Jim Britt (April 11, 1910 — December 31, 1980) was an American sportscaster who broadcast Major League Baseball games in Boston, Massachusetts, and Cleveland, Ohio, during the 1940s and 1950s. On June 15, 1948, Britt was at the microphone on WBZ-TV for the first live telecast of a Major League game in New England, as the Boston Braves defeated the Chicago Cubs, 6–3, at Braves Field.
==Boston Braves and Red Sox==
From 1940 through 1950, with time out for United States Navy service in World War II, Britt was the voice of both the National League Boston Braves and the American League Boston Red Sox, as the two teams broadcast home games only and shared announcers and flagship stations.
Because the MLB schedules were then arranged so that the two Boston clubs were never home at the same time, there were no schedule conflicts. As such, Britt was the voice of two pennant-winning clubs, the 1946 Red Sox and the 1948 Braves. At the close of the 1950 season, that co-operative arrangement ended and each team decided to air a full schedule of 154 games, home and away. Britt chose to stay with the Braves, and the Red Sox were left to look for their own lead announcer.
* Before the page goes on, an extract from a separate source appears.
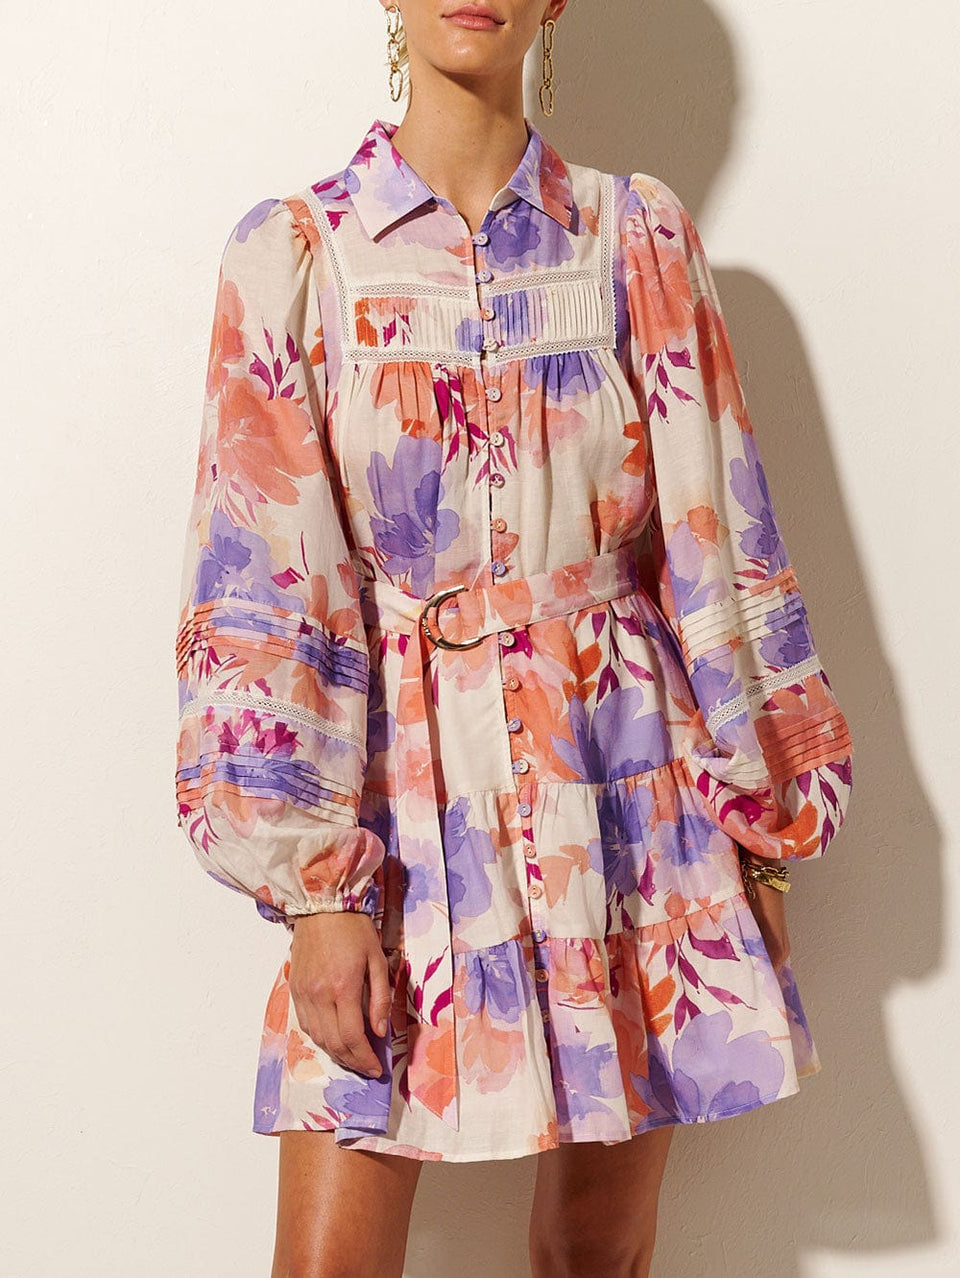 Johannes Mini Dress KIVARI | Model wears floral mini dress

As fate would have it, the Sox would hire the "second banana" for the New York Yankees — a Mel Allen protégé named Curt Gowdy — who would be the voice of the Red Sox for 15 years before moving on to NBC's ''Game of the Week'' and a place in the Baseball Hall of Fame as a Ford C. Frick Award winner. Meanwhile, the Braves' attendance fell disastrously in 1951 and 1952, and the club moved to Milwaukee during 1953 spring training.